◆ Action item
Beginning with the line containing "RCA RV3693 manual", write out each line exactly through the end of the listing, and skip all pictures.

◆ Supplied information
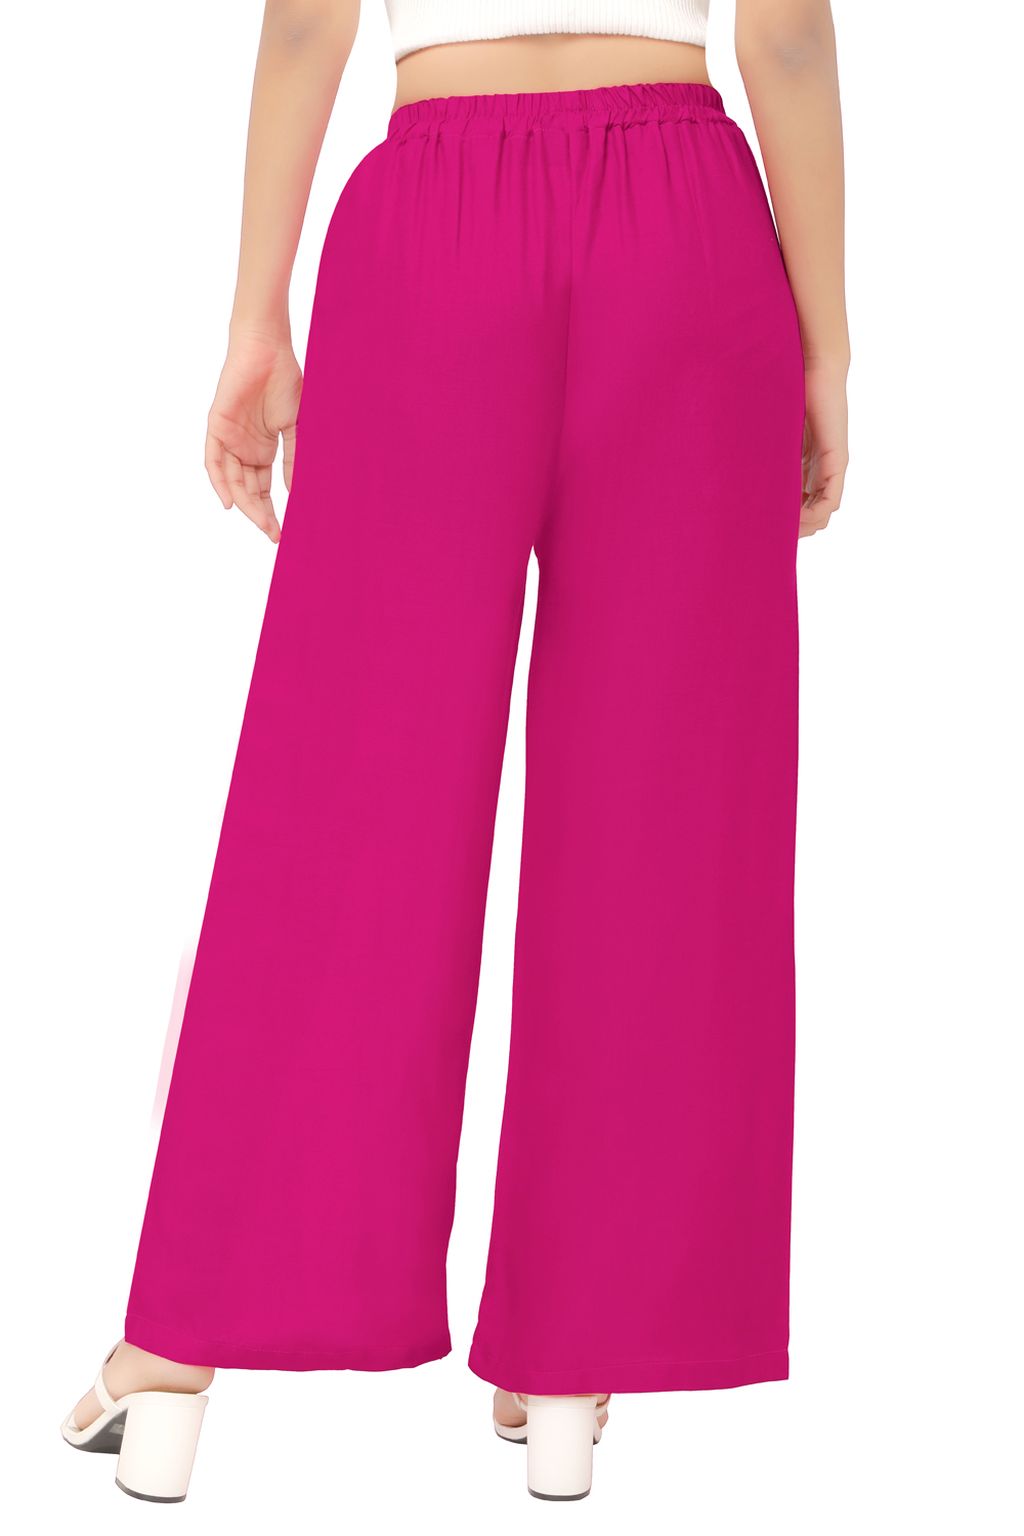 Buy SBF MART Women's Bottom Ethnic Wear Palazzo Trousers - 6 Pieces,  Multicolor, Free Size at Amazon.in
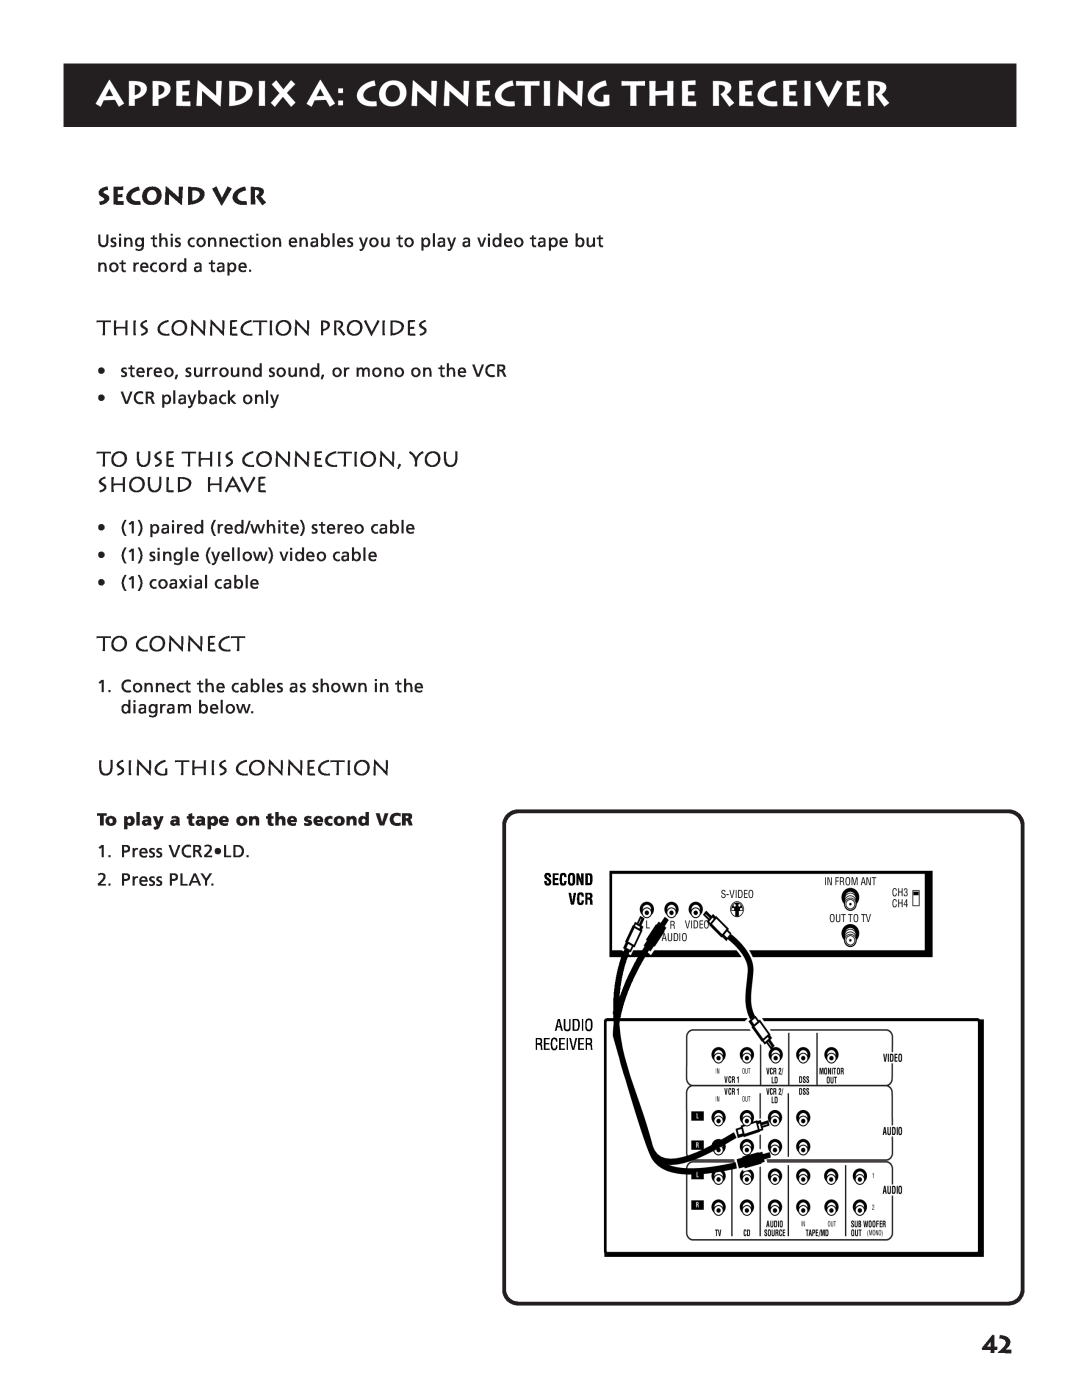 RCA RV3693 manual Second Vcr, Appendix A Connecting The Receiver, To play a tape on the second VCR 
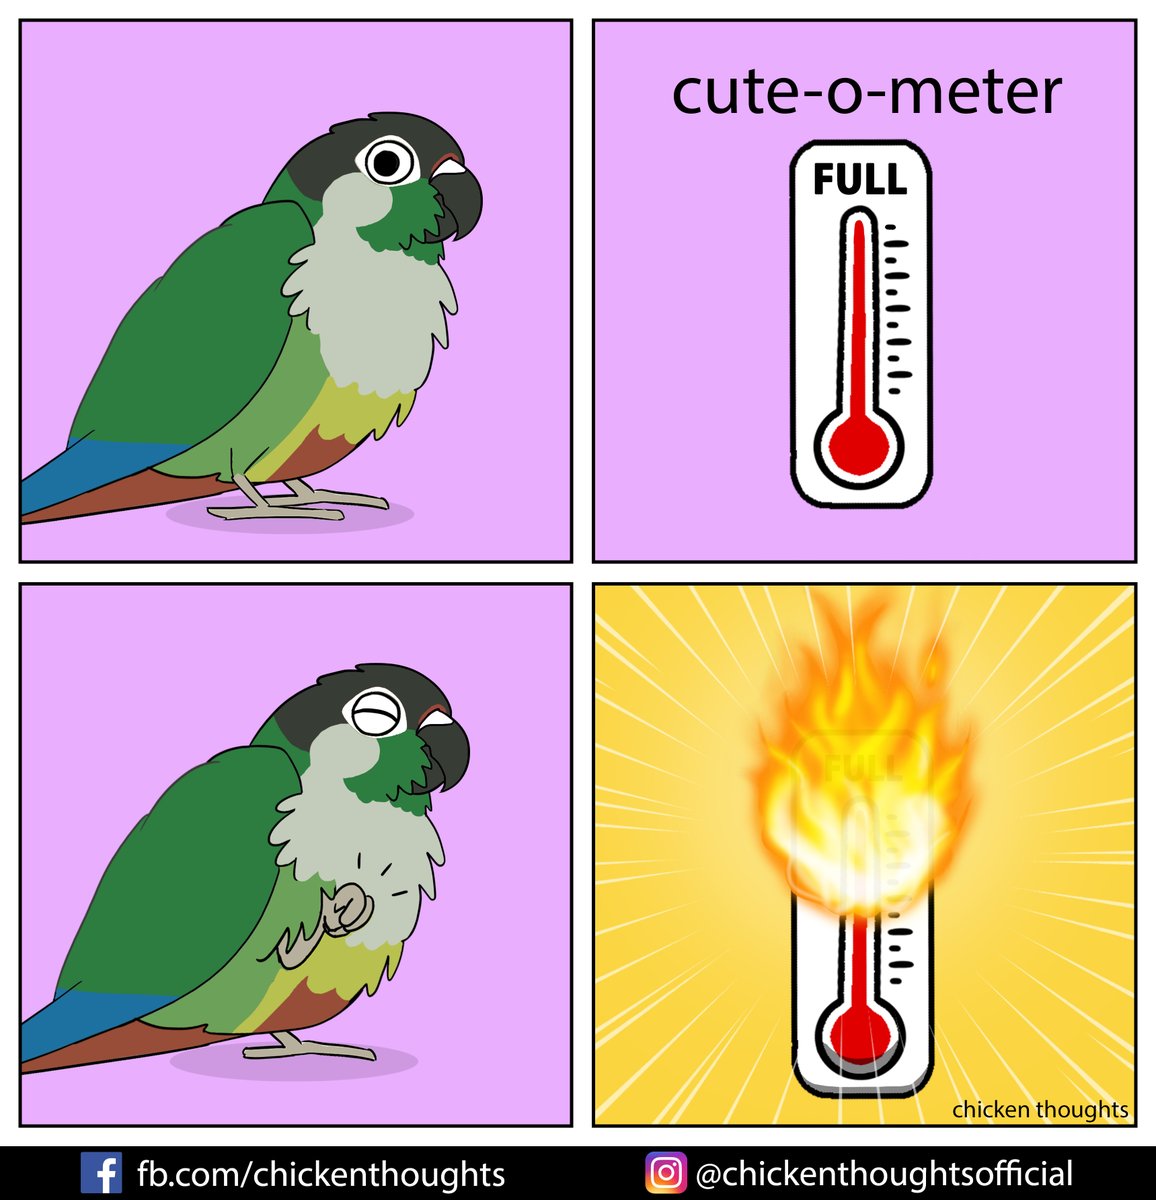 Featuring Patrick and Nicolette's conure Petrie!

◆ Response area
 RCA RV3693 manual Second Vcr, Appendix A Connecting The Receiver, To play a tape on the second VCR 
 Featuring Patrick and Nicolette's conure Petrie!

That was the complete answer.